# A Planned photo trip to the Shetland Islands



## clee01l (Jan 17, 2015)

I have decided that in May, I am going to fly to Aberdeen and ferry to the Shetlands to photograph Puffins and other interesting aspects of the island chain.  I have  a a guide for the few days that I will be on the islands and I plan to hook up with friends from Houston that will be (by the time I am visiting) back at their home outside of Aberdeen.   I will also be taking a self directed photo tour of the Scottish Highlands.   I don't expect to get any farther south than Aberdeen, but I am curious to know if there are any other forum members that might be in my tour vicinity. Or if any Brits would want to tag along.


----------



## johnbeardy (Jan 18, 2015)

Interesting trip. While I've seen other islands like the Outer Hebrides and Orkney, and occasionally wondered about getting to Up Helly Aa, I've never made it up to the Shetlands. I have the feeling that not a lot of British photographers make it up  there, at least not for landscape which seems quite flat. Birds seem to be attraction. Possibly the aurora too, though by May the days will be very long.

As for the Highlands, will you be driving?
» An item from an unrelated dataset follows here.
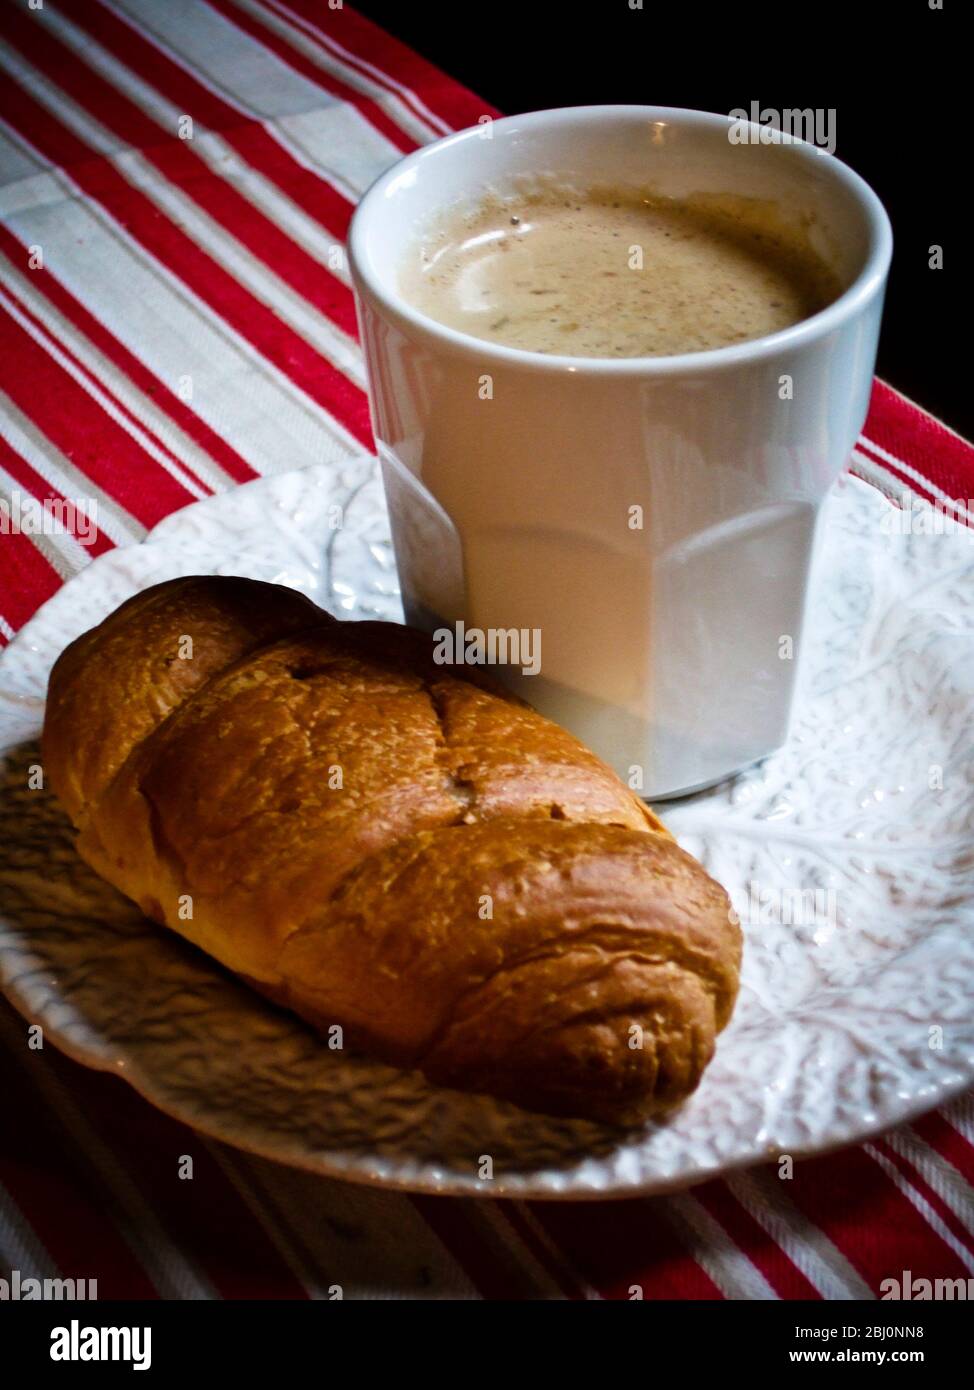 Weißer Becher Kaffee auf Teller mit Croissant - Stockfoto

The roads are quite empty up there so you'll be safe whichever side of the road you're on


----------



## Jim Wilde (Jan 18, 2015)

johnbeardy said:


> As for the Highlands, will you be driving? The roads are quite empty up there so you'll be safe whichever side of the road you're on



And some of them are single-track with the occasional "passing place", so there'll be no "side" to worry about!


----------



## Dave Miller (Jan 18, 2015)

I suspect that those in the local photographic club will make you very welcome.


----------



## clee01l (Jan 18, 2015)

Thanks for the info. I haven't decided on driving myself in the Highlands. Perhaps I may.  My first & last experience with British back roads was 30 years ago.  I didn't do too badly (unless you speak with that cyclist in Oxford that needed a change of trousers after I nearly pulled out in front of him).


----------



## Cerianthus (Jan 18, 2015)

I am sure youve read up on locations etc. sumburgh head is what springs to my mind. Puffins should be there but the chicks hatch later. https://flickr.com/photos/[email protected]/sets/72157634894258834. And https://flickr.com/photos/[email protected]/sets/72157629342218209.


----------